# Interpreting linear and polynomial predictors in LMM

I am using linear mixed models to investigate change over time on the score on a questionnaire, which was administered at 5 points in time. While I hypothesized a decline, I had no a priori assumptions as to how this decline would look (whether it's linear or not). After visually checking the trajectory, I did see the slope become steeper after the second time point, and thus I thought I'd need to add polynomials and see what model fits the data better—but correct me if I'm wrong.

I created an initial model (Model 1) with just the variable Time as a predictor of Score. Here, Time was a significant predictor (β = -3.8, p < .001).

Next, I wanted to know whether a quadratic or cubic slope model fitted my data better, so I added a second-order polynomial (Time * Time), along with Time, in Model 2. Model fit significantly increased (comparing -2LL between Models 1 and 2 with a chi square test). Here, the polynomial was significant (β = -4.6, p = .007), which I believe suggests a non-linear slope for decline in Score over time. However, Time was no longer significant (β = 0.2, p = .905), yet in all examples I could find, both the linear and quadratic predictors were significant.

My question is, how should I interpret the fact that Time is not a significant predictor in this model? Can I still conclude that a quadratic slope best represents my data, even if the linear slope is no longer significant?

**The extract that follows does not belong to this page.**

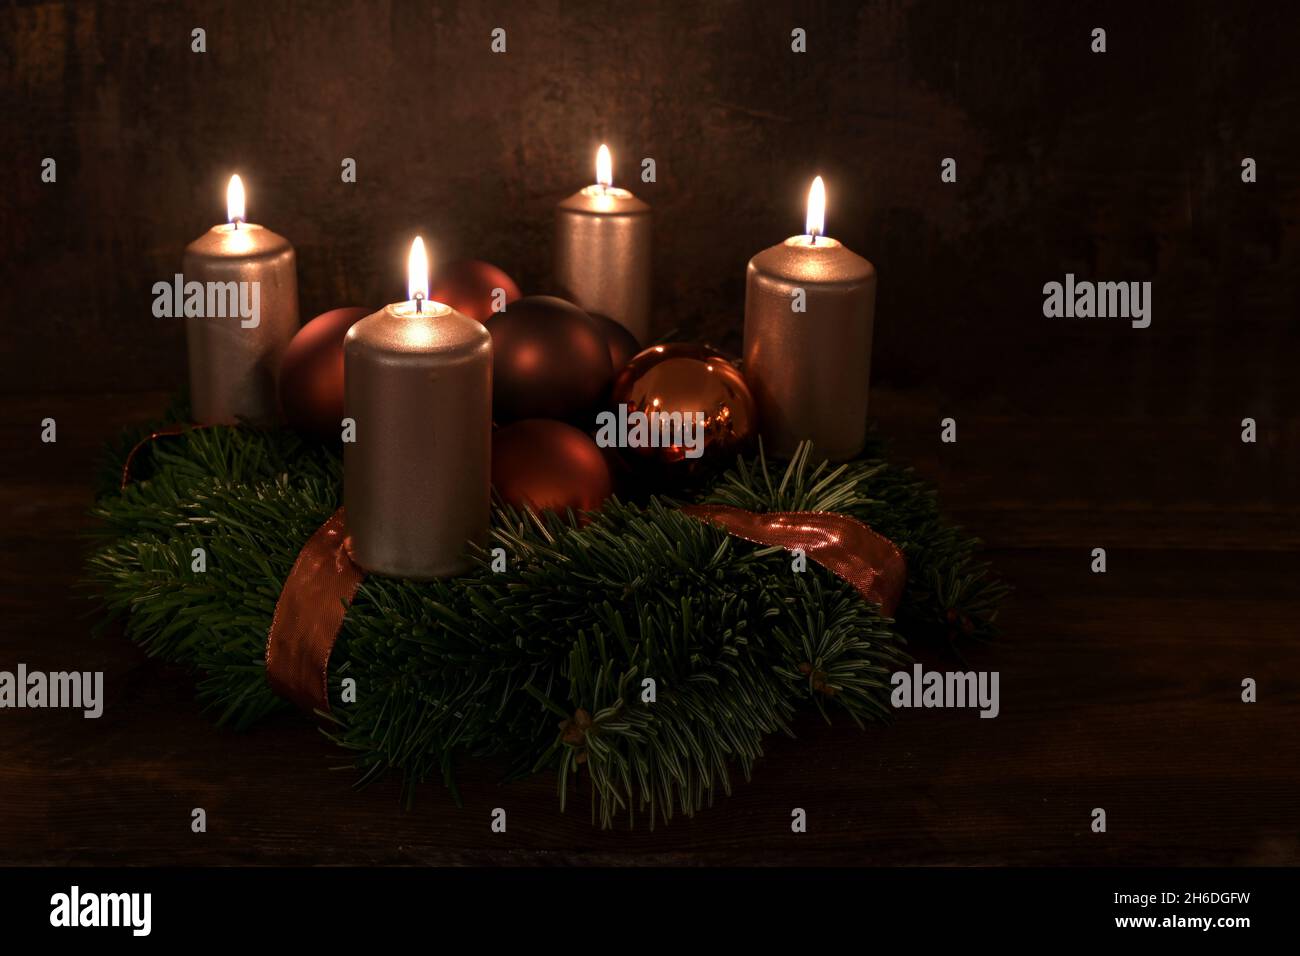 Petite couronne de l'Avent avec quatre bougies cuivrées éclairées et boules décoratives de Noël sur fond rustique brun foncé, sélection d'un espace de copie Banque D'Images

• CAn you show us the output of the selected model? – user2974951 Jan 9 at 10:04

The second point is that time itself need not be an unmodified explanatory variable for a time based process. For example, for radioactive decay, one tends to use exponential models ($$M_0 e^{-\lambda t}$$). When you say, time is no longer a variable, presumably the time squared term is still being used, and a time based process does not have to have time itself as a bare naked variable. However, this is not entirely clear in what you related and I agree with user2974951's statement in so far as showing us the model may help. More important is to state what the properties of the data are; for example, if any of the data can have negative values. If the data cannot have negative values, then a model with a negative linear slope cannot properly model it, in a physical sense, because there will come a time when the linear model will predict negative amplitudes.